Abnormal uterine bleeding (AUB)
A 40-year-old multiparous woman complains of frequent irregular vaginal bleeding for 7 weeks.
No abnormalities are detected on abdominal and vaginal examination.
Transvaginal ultrasound scan reveals an endometrial thickness of 8 mm with no other abnormalities.
Haemoglobin percentage is 10 g/dl and the platelet count is within the normal range.
- Administer combined oral contra ceptive pills for 3 cycles.
- Administer norethisterone 5 mg three times daily for 3 cycles.
- Insert a levonorgestrel-releasing intrauterine device.
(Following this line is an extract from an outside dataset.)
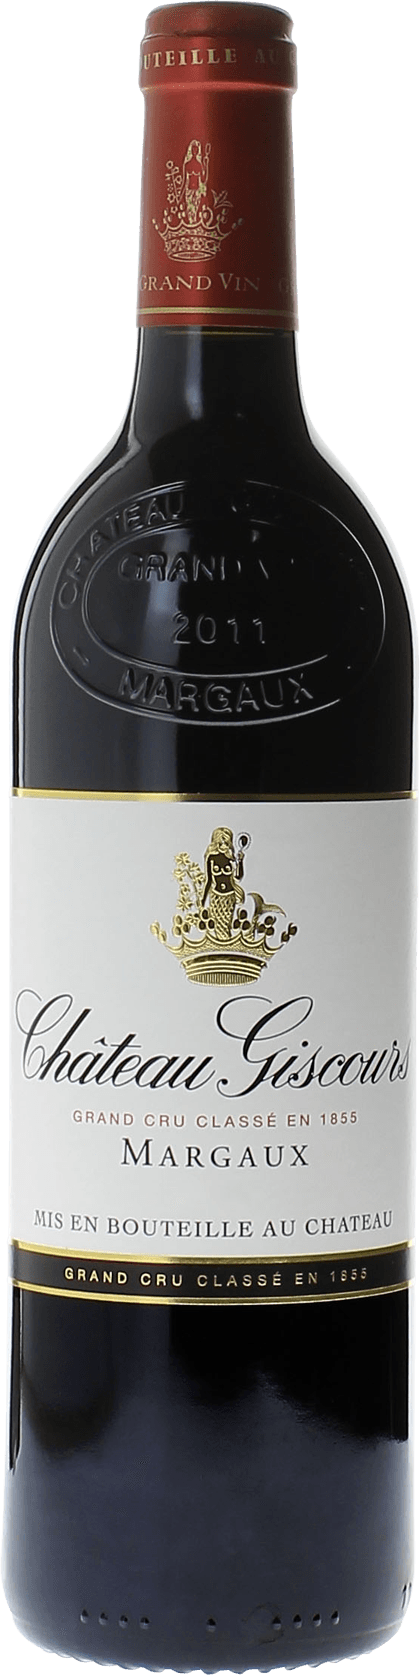 Giscours 1989 3me Grand cru class Margaux, Bordeaux rouge

- Perform endometrial ablation.
- Perform an endometrial biopsy.
Since no structural or other abnormalities have been found, the bleeding is most probably due to ovulatory dysfunction, which is common in women over the age of 40 years. Insertion of a levonorgestrel releasing intrauterine device is the best option, as it will provide long-term treatment as well as effective contraception. Oral norethisterone can be used, but the woman has to take treatment regularly (or there will be breakthrough bleeding) and the treatment is short term. OCP is best avoided in women over the age of 35 years. Endometrial biopsy is not necessary as the endometrial thickness is normal on TVUS and there are no risk factors for endometrial carcinoma. It should be performed if medical treatment fails. Endometrial ablation is considered only if medical treatment fails.
Management of acute abnormal uterine bleeding in nonpregnant reproductive-aged women. Committee Opinion No. 557. American College of Obstetricians and Gynecologists. Obstet Gynecol 2013; 121:891–6.